> [DATA FOR PROCESSING]
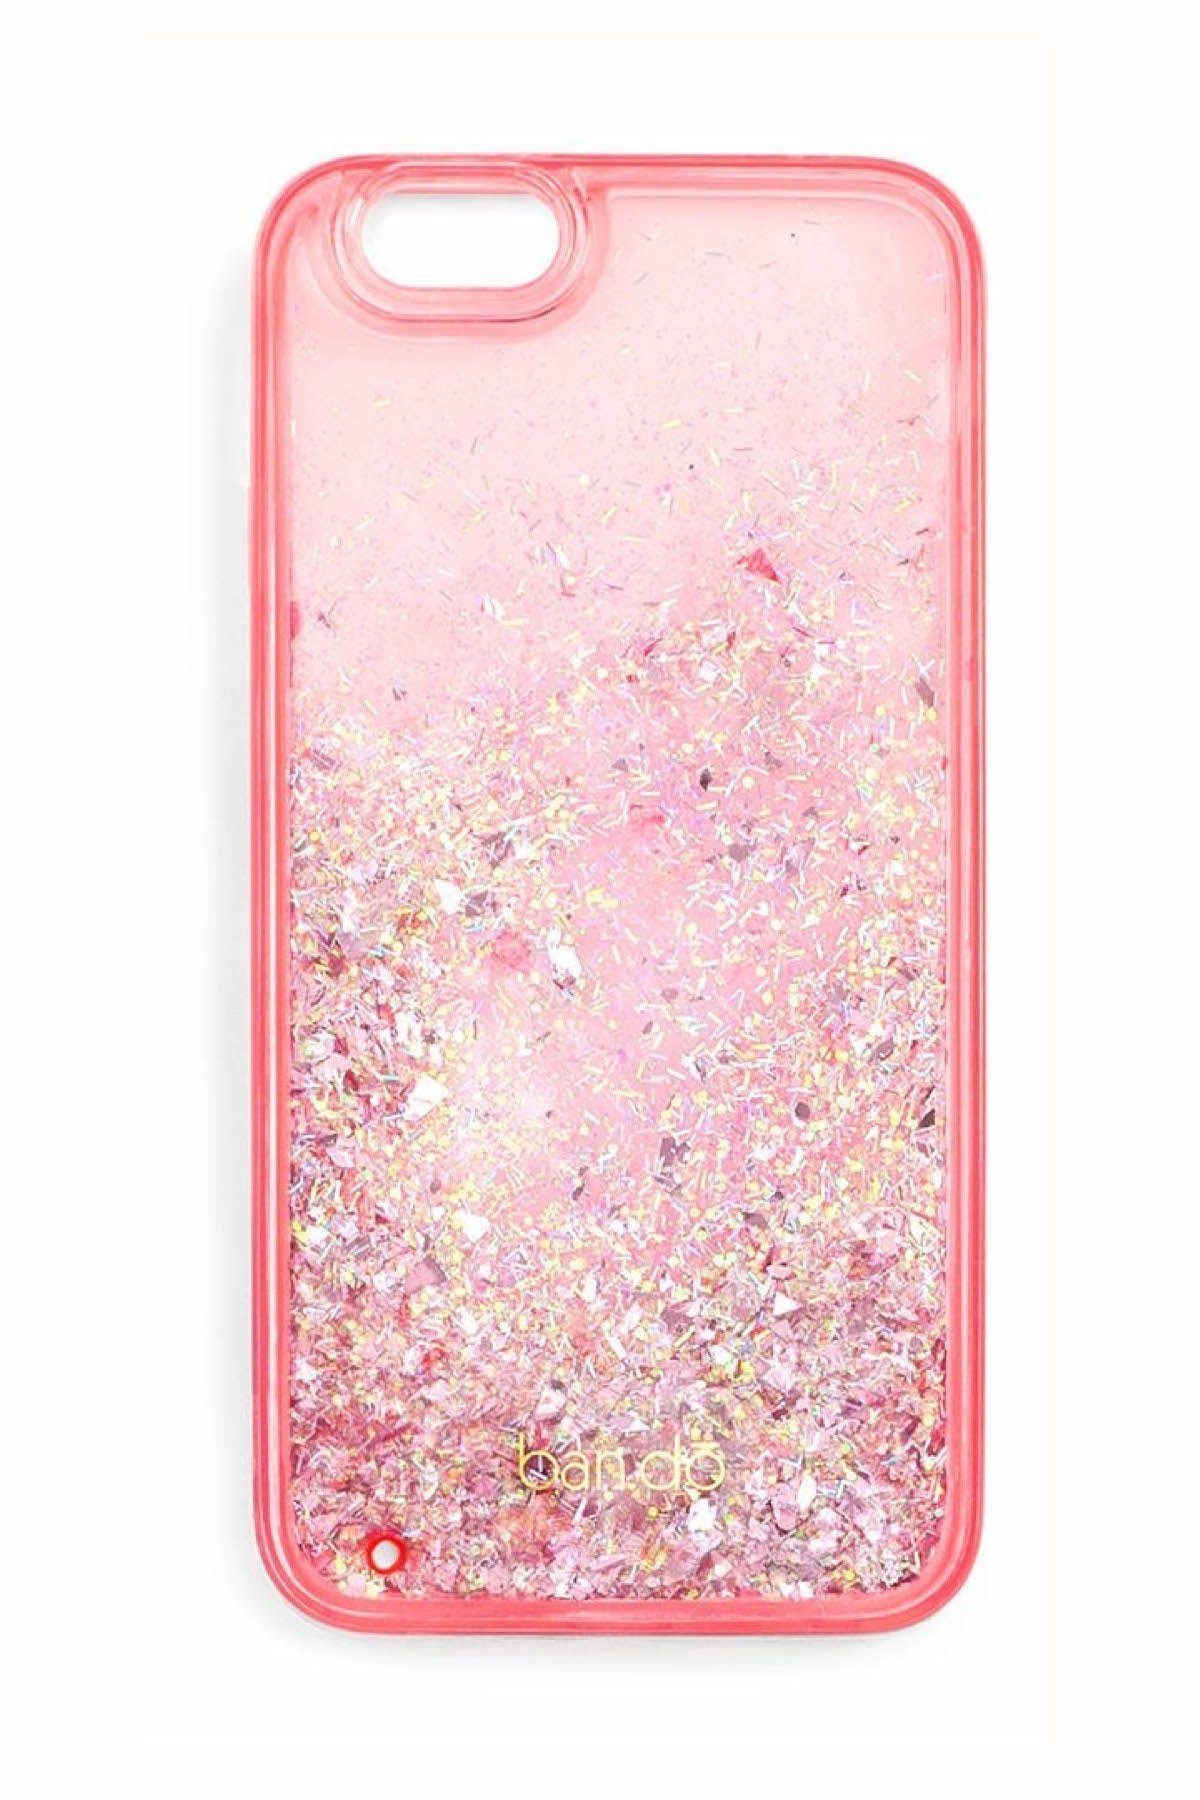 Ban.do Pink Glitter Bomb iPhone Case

* * *

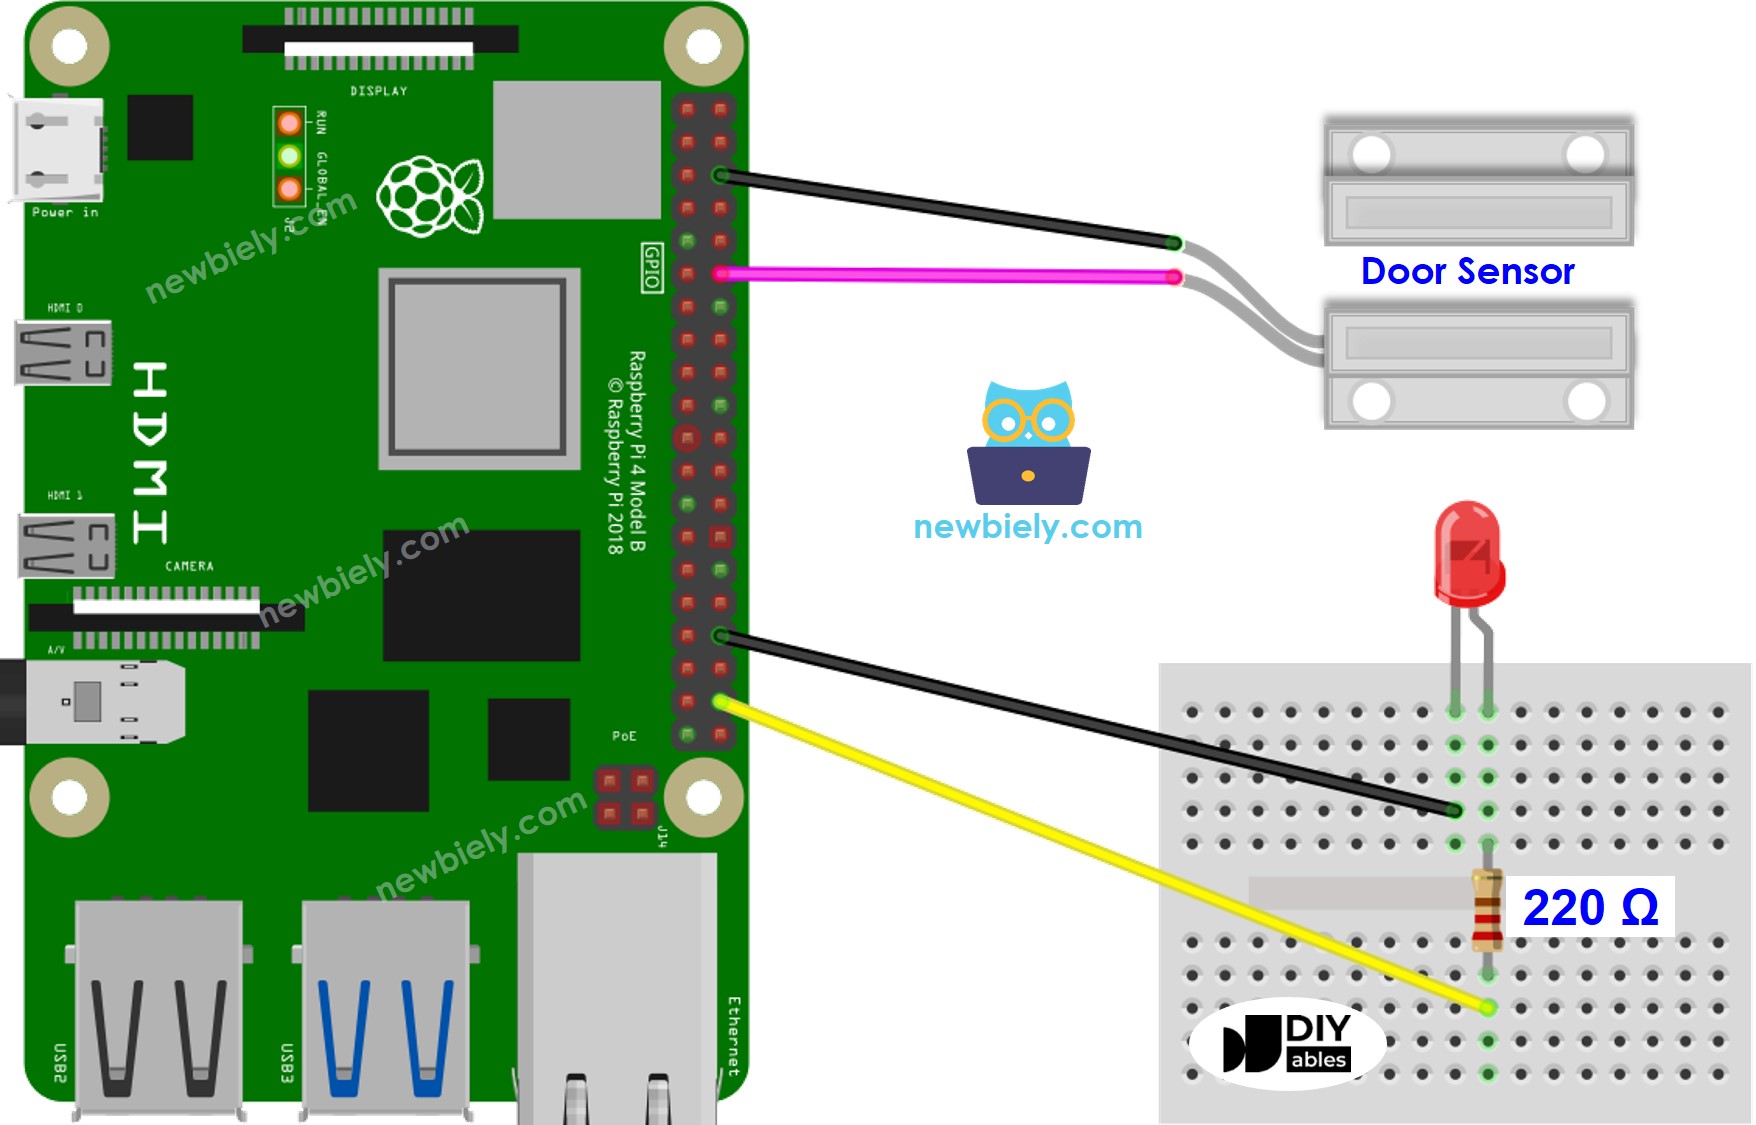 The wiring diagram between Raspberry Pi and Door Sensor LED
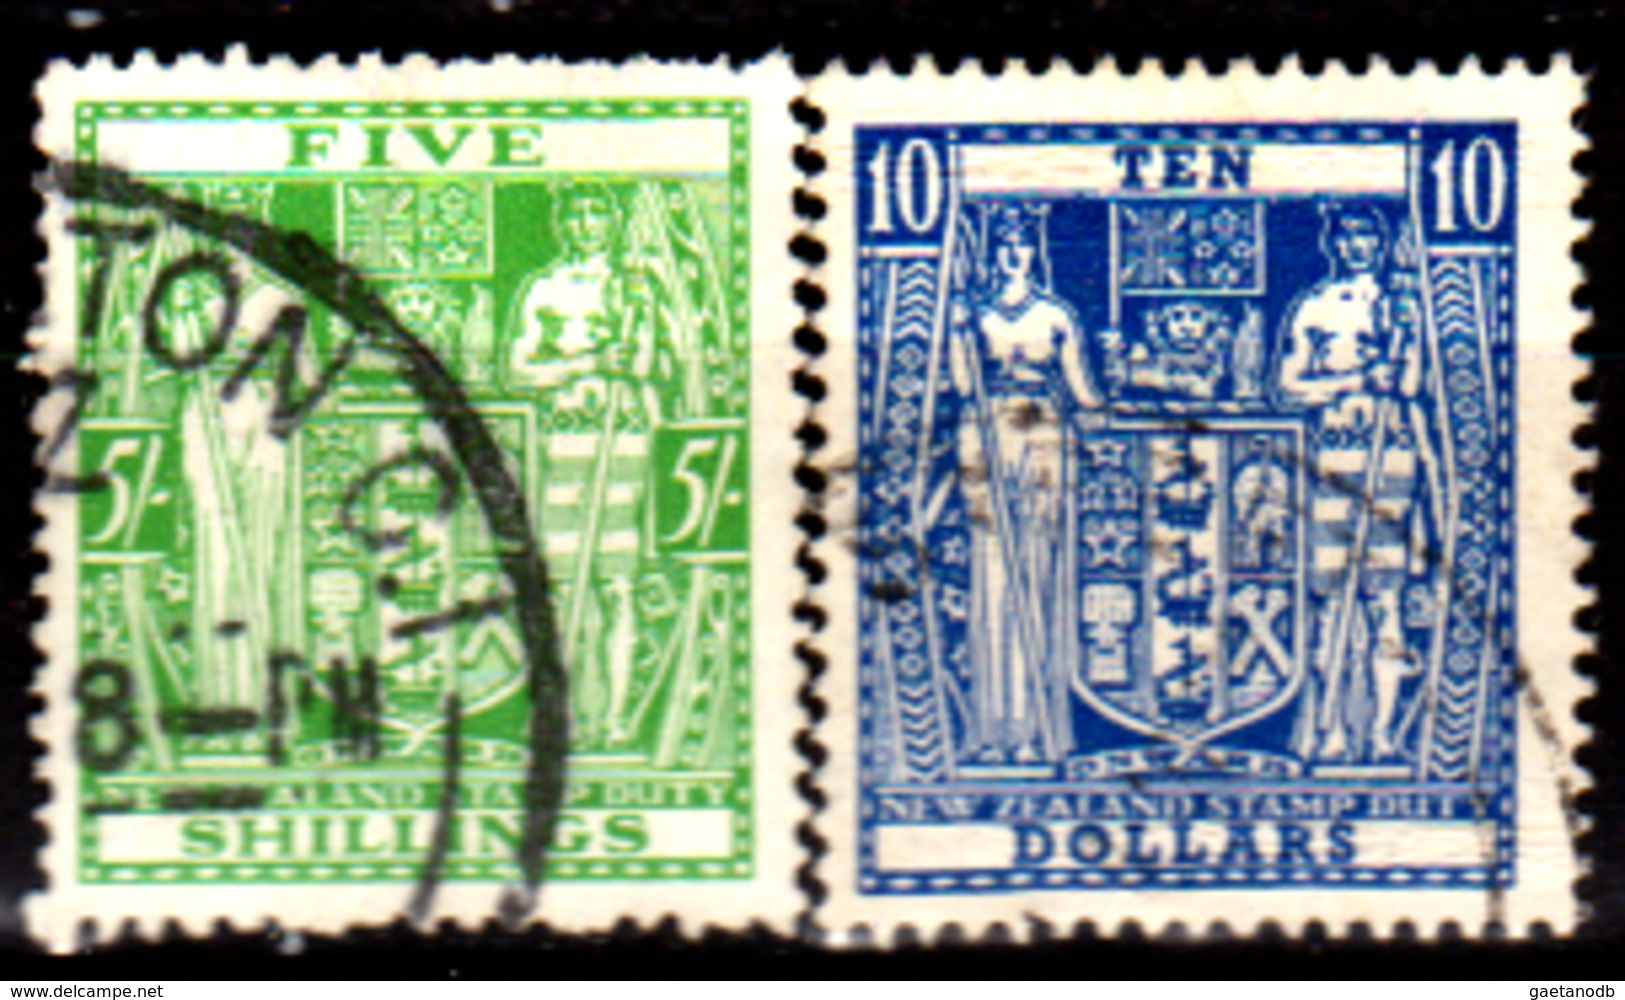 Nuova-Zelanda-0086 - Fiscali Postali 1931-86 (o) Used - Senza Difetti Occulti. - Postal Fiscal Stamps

...

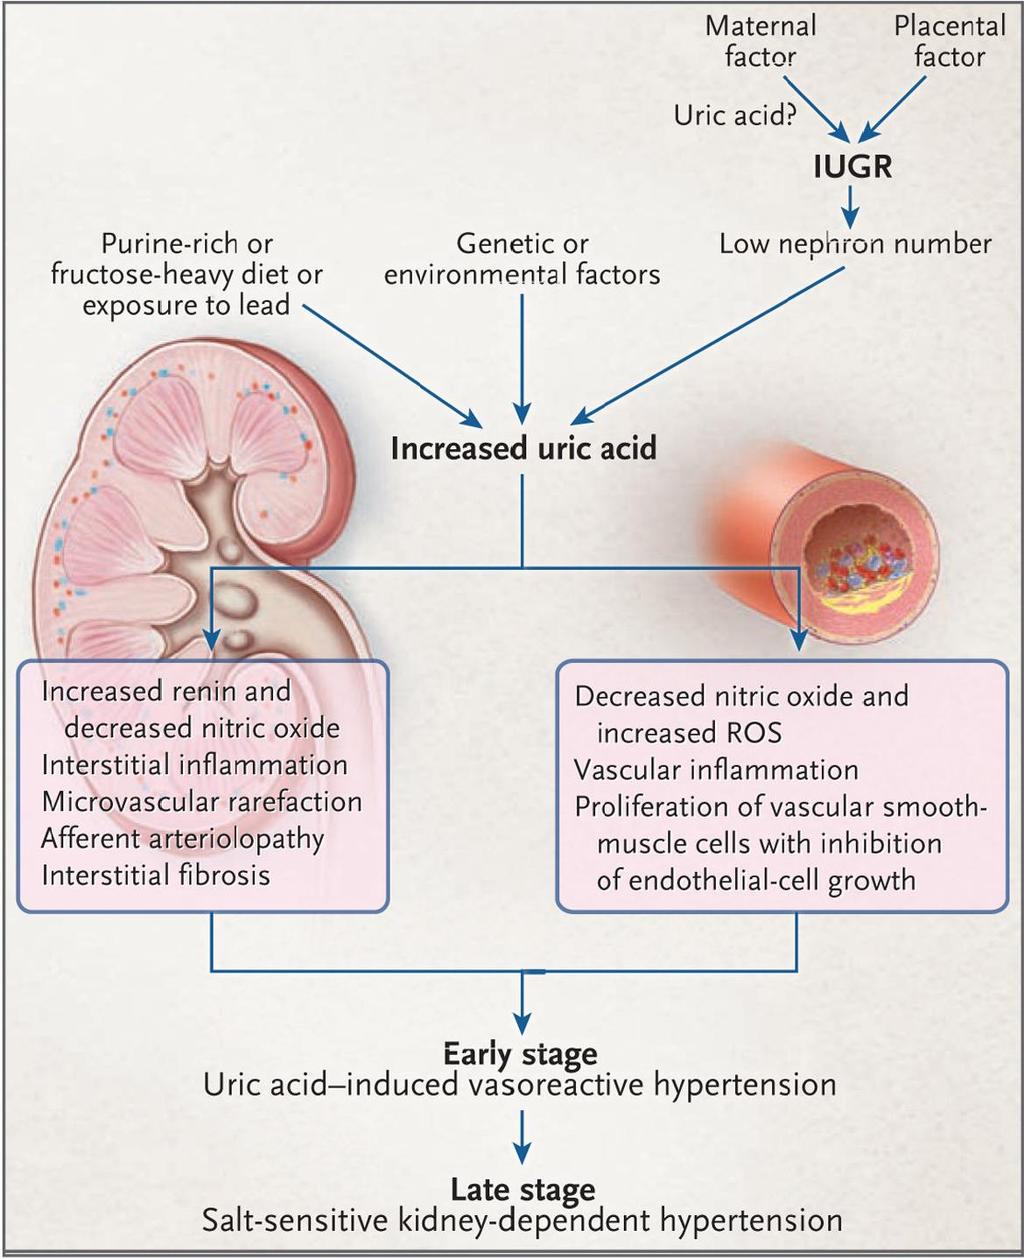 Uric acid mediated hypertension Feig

> [WORK TASK] Using the entries above, transcribe every line from the line containing "The wiring diagram" through the line containing "Nuova-Zelanda-0086 - Fiscali". Do not copy pictures.

> [WORKED SOLUTION]
 The wiring diagram between Raspberry Pi and Door Sensor LED
 Nuova-Zelanda-0086 - Fiscali Postali 1931-86 (o) Used - Senza Difetti Occulti. - Postal Fiscal Stamps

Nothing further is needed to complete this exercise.